Rep. Andy Barr, R-Ky., is taking aim at the Housing First policy supported by the Biden administration. Housing First prioritizes getting homeless people into permanent housing over participation in supportive services, like addiction treatment.
Instead, Barr is pushing his Housing Plus bill, which focuses on supportive services.
What You Need To Know
- Rep. Andy Barr is seeking to expand the number of transitional housing organizations can receive federal funds
- Barr introduced the Housing Plus bill surrounded by lawmakers, advocates and people who have experience homelessness who said that their participation in supportive services is what helped them overcome it
- Those opposed to the Housing Plus bill said it would “harm federal, state, and local efforts to end homelessness by undermining the ability to prioritize evidence-based solutions and diverting scarce resources"
Barr introduced the Housing Plus bill surrounded by lawmakers, advocates and people who have experienced homelessness who said that their participation in supportive services helped them overcome it.
“Many transitional housing facilities in my district do not qualify for federal funds because they require participation in wraparound services such as counseling, financial education or career development as a condition of continued residency or they mandate sobriety for the residents,” Barr said.
The Kentucky lawmaker said that he first saw a need for change in policy when someone in his district, who was staying at a women’s shelter, shared that she was concerned about her own sobriety if regulations were not in place where she was staying.
“[She] told me with tears in her eyes that this program that she was in was working and it was not Housing First,” Barr told Spectrum News. “It was a mandated sobriety program where they were helping her in addition to giving her an apartment or a safe place to stay.”

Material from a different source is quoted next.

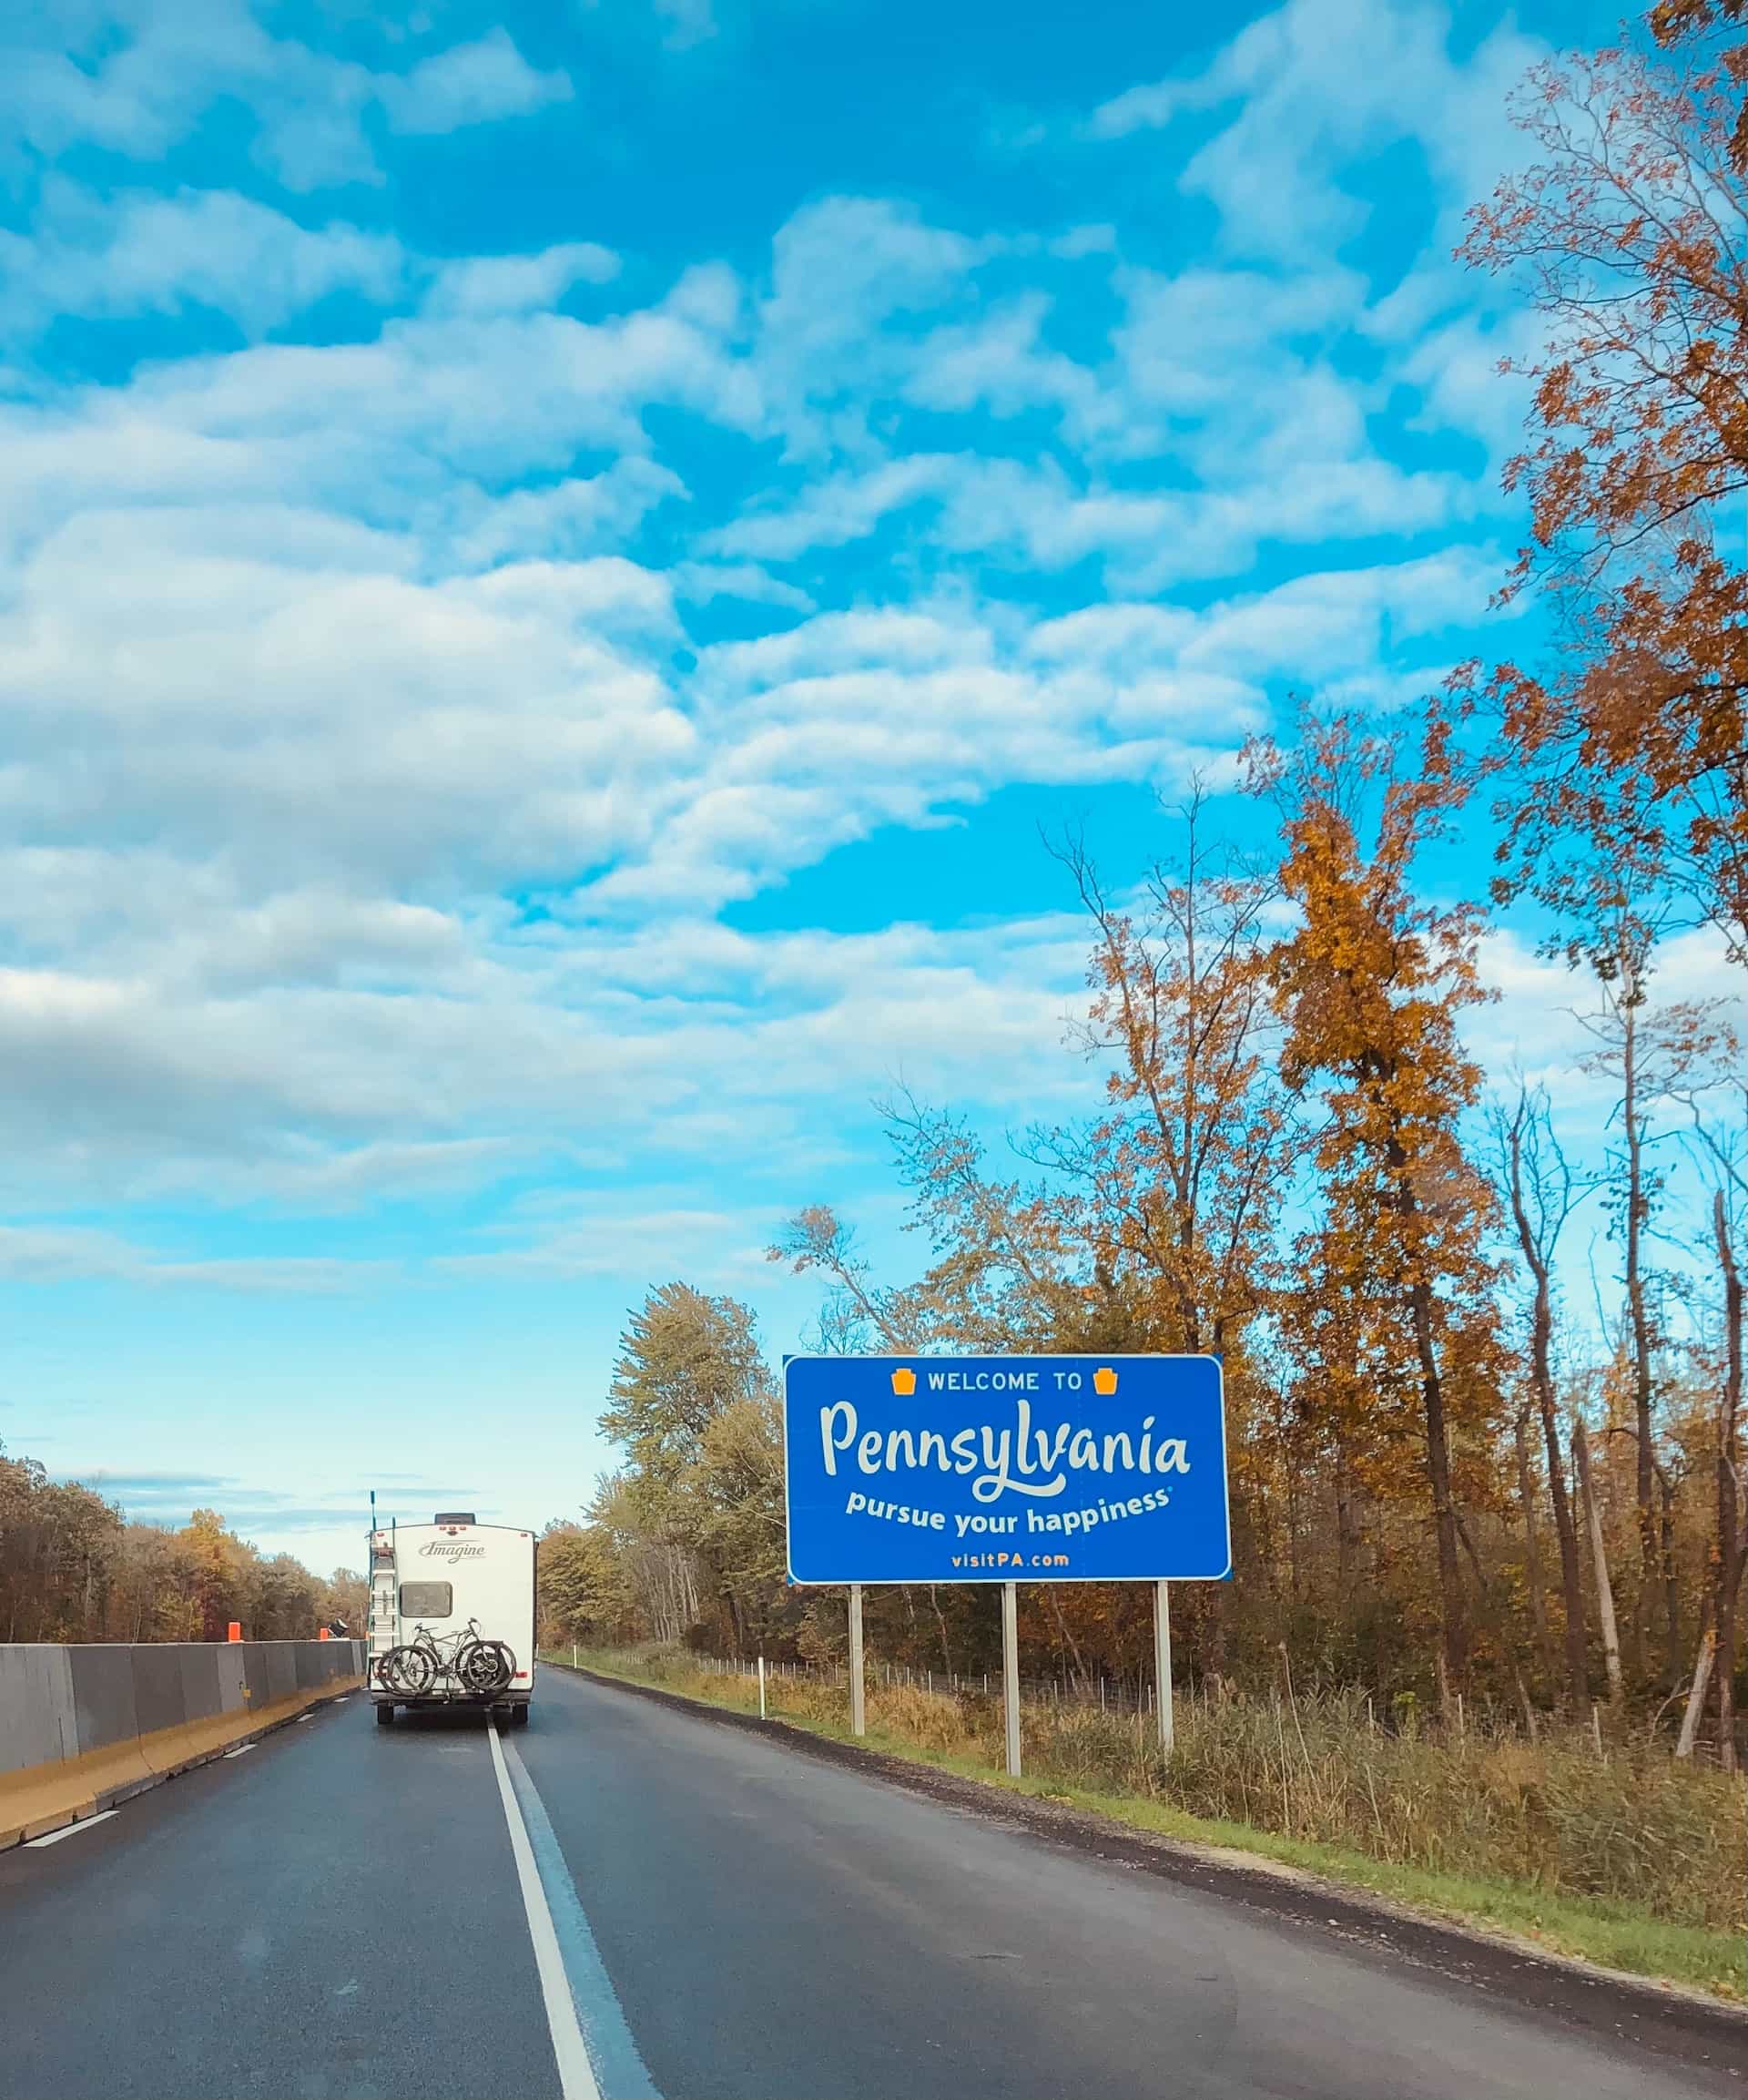 A “Welcome to Pennsylvania” sign on the side of the road.

Barr’s bill would expand what types of organizations can receive funds from the Department of Housing and Urban Development.

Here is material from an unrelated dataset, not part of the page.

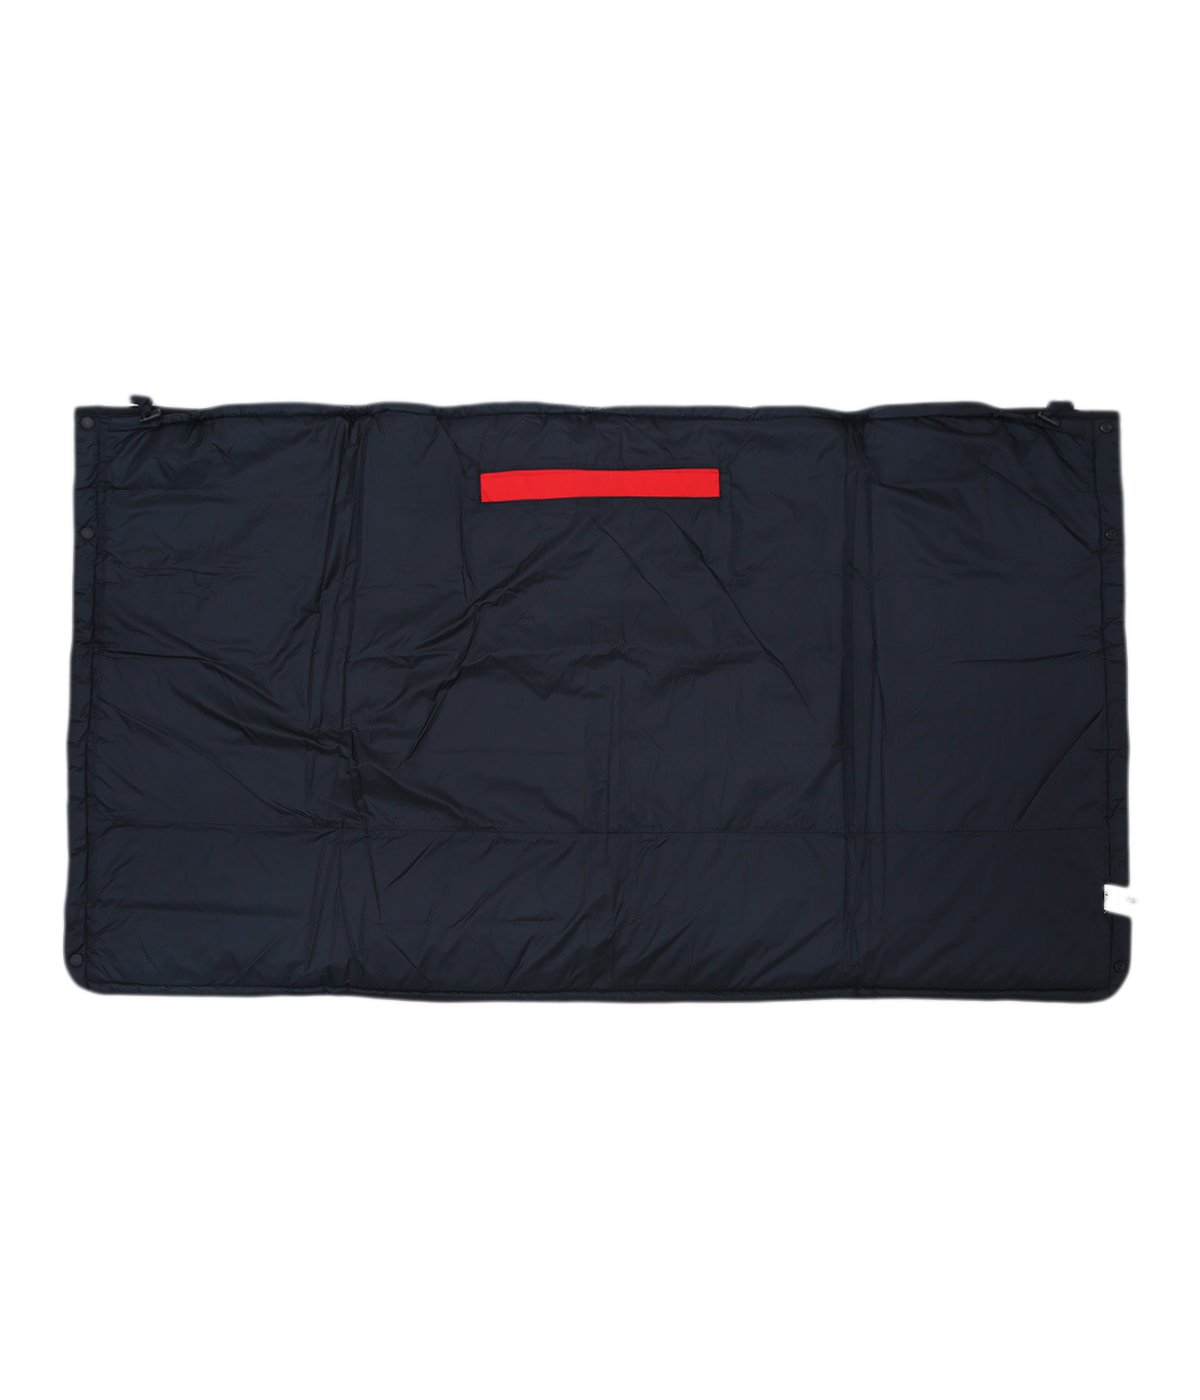 THE NORTH FACE(ザ ノースフェイス) Kids' Starry Shell Blanket

“It’s about eligibility criteria for the grants,” Barr said. “So HUD has a pot of money, Congress appropriates those funds and then there is criteria to make organizations eligible.”
Barr’s bill has been endorsed by former Secretary of Housing and Urban Development Ben Carson, Citygate Network, American Idea Foundation, Hope Street Coalition and The Cicero Institute.
But some advocacy groups have said that giving funds to organizations that require participation in wraparound services is not the solution.
“The Housing PLUS Act would harm federal, state and local efforts to end homelessness by undermining the ability to prioritize evidence-based solutions and diverting scarce resources to outdated, ineffective, and costly strategies,” one group said in a statement.
Sarah Saaidian, with the National Low Income Housing Coalition, said they “strongly oppose” the Housing Plus bill.
“We tried Representative Barr’s approach in the 80s and 90s,” Saaidian told Spectrum News. “It’s called the stair-step model, where people have to meet certain criteria in order to maintain that housing in order to get access to housing.
“Anybody who has dealt with a substance use issue or has a family member who has, we know that it’s not that easy and there are challenges and stumbles along the way,” Saaidian said. “Under the Barr approach, those people would lose access to housing. They’d be pushed back into homelessness.”
Barr introduced this legislation in the last session of Congress, but it did not get a vote. At the time, Democrats controlled the House.
Barr said there is now “interest” from his colleagues on the other side of the aisle. As of right now, though, the bill does not have any Democratic co-sponsors.